WORK TASK » Word for word, restate the lines from the one containing "East Braintree MA" through the last line of the material, and include no pictures.
*** COLLECTED MATERIAL ***
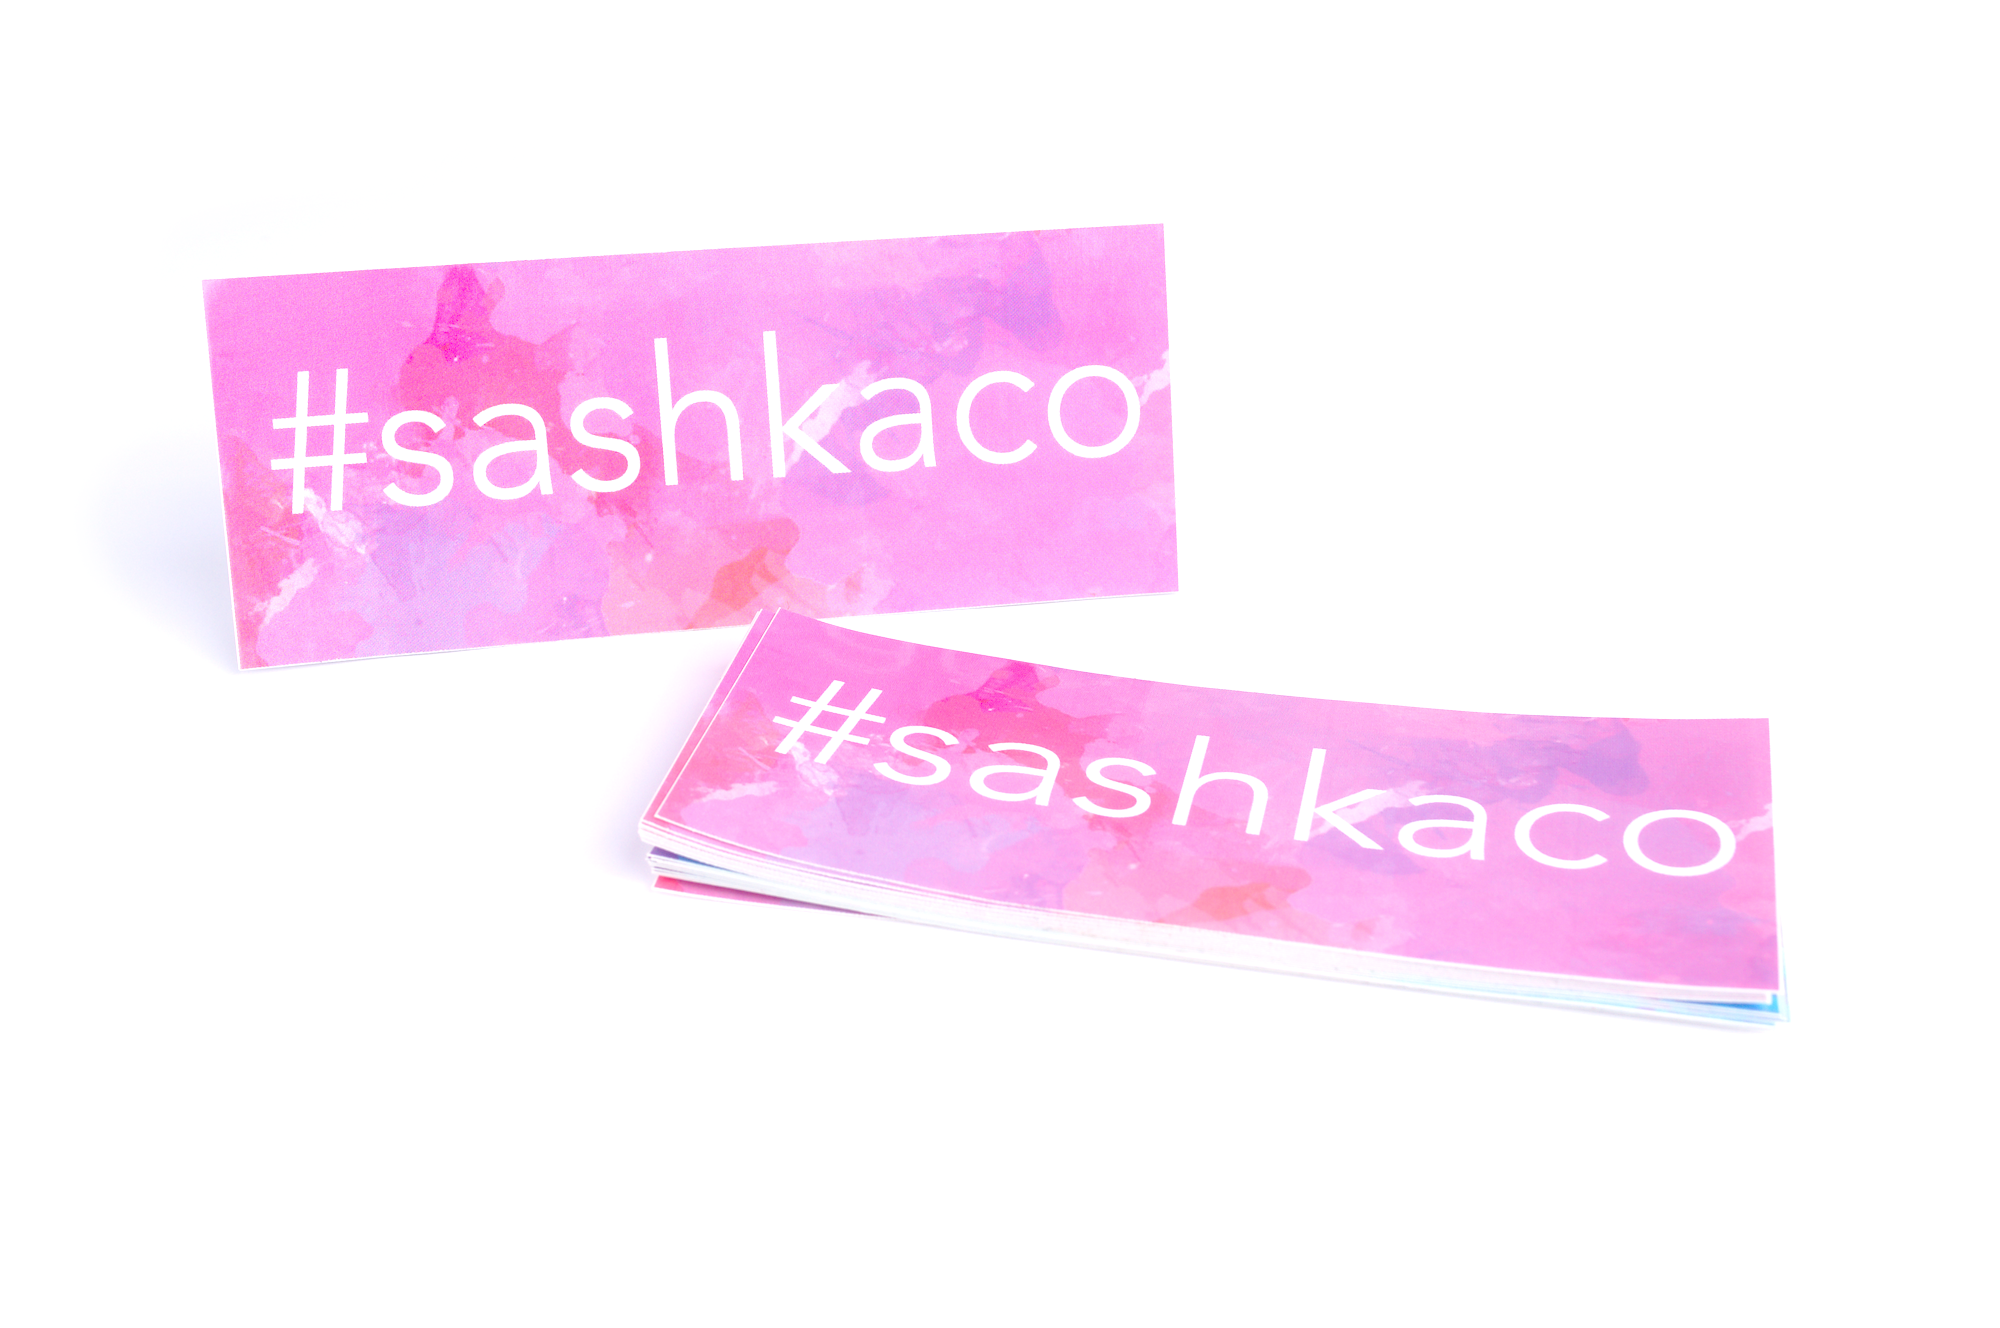 Sashka Co. Extended 8" Bracelet Pink / Blue / White / Clear Carousel Bracelet - Extended 8"
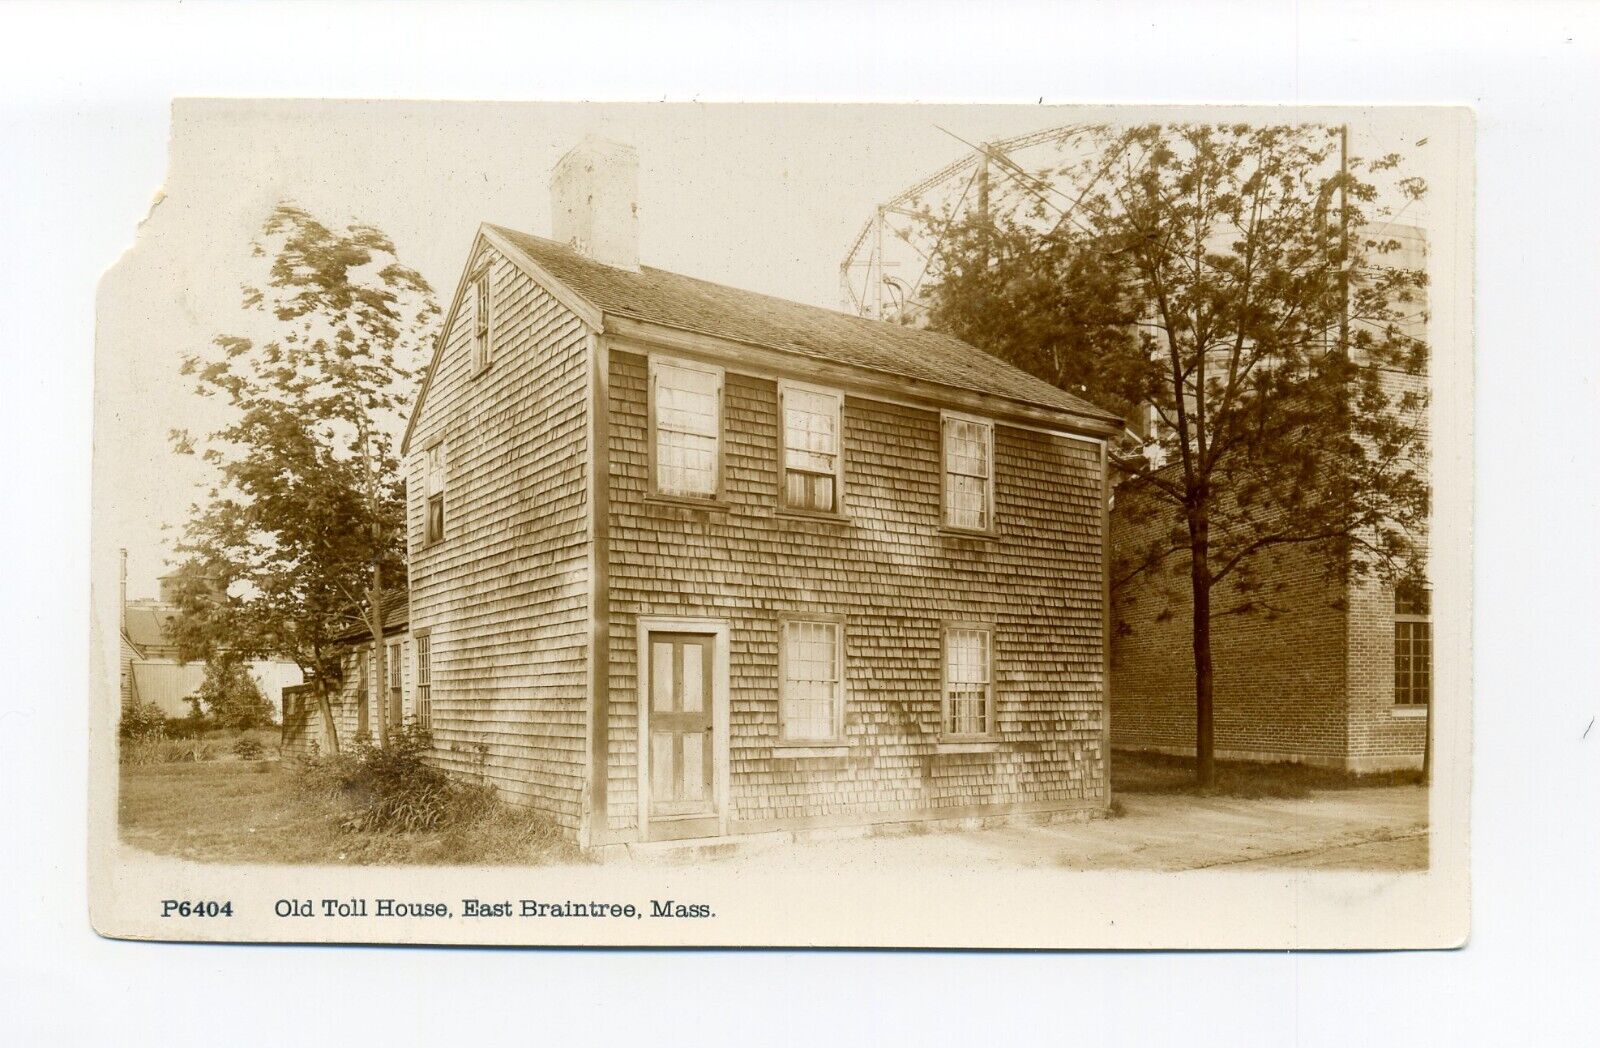 East Braintree MA RPPC photo postcard, Old Toll House, pub - Underwood
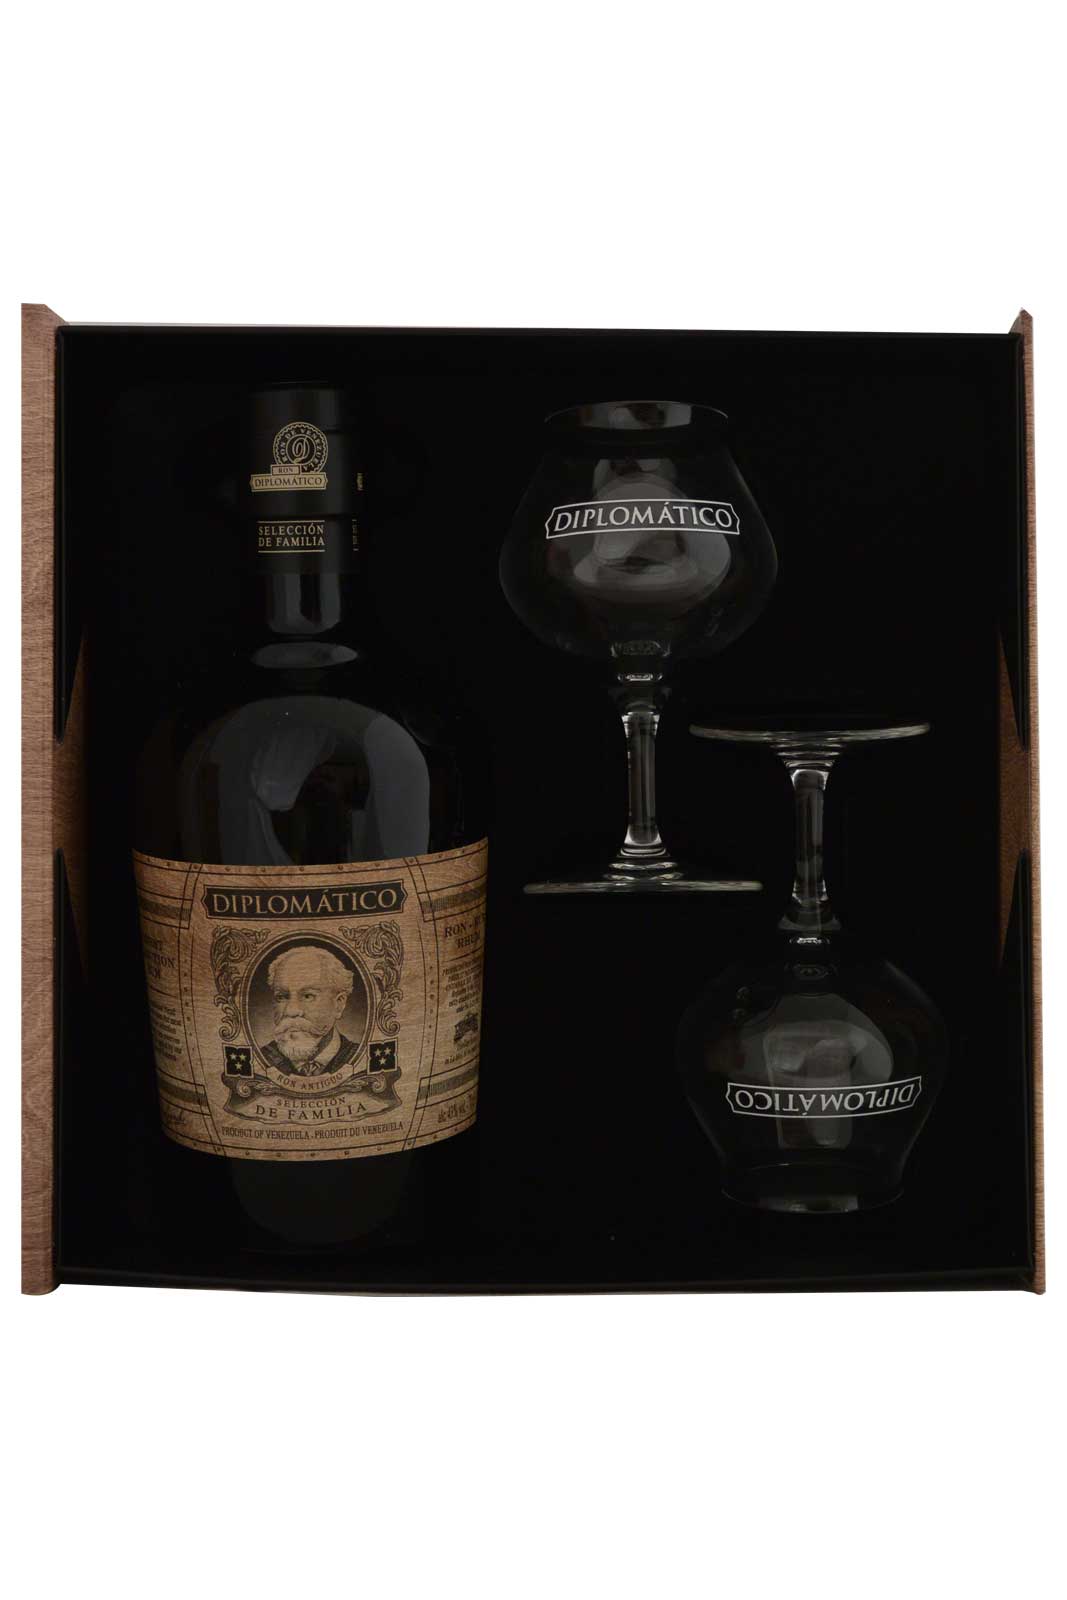 Diplomatico Rum Giftbox + 2 Glasses - Selection de Familia
*** End of COLLECTED MATERIAL ***
SOLUTION FOR THIS TASK »
 East Braintree MA RPPC photo postcard, Old Toll House, pub - Underwood
 Diplomatico Rum Giftbox + 2 Glasses - Selection de Familia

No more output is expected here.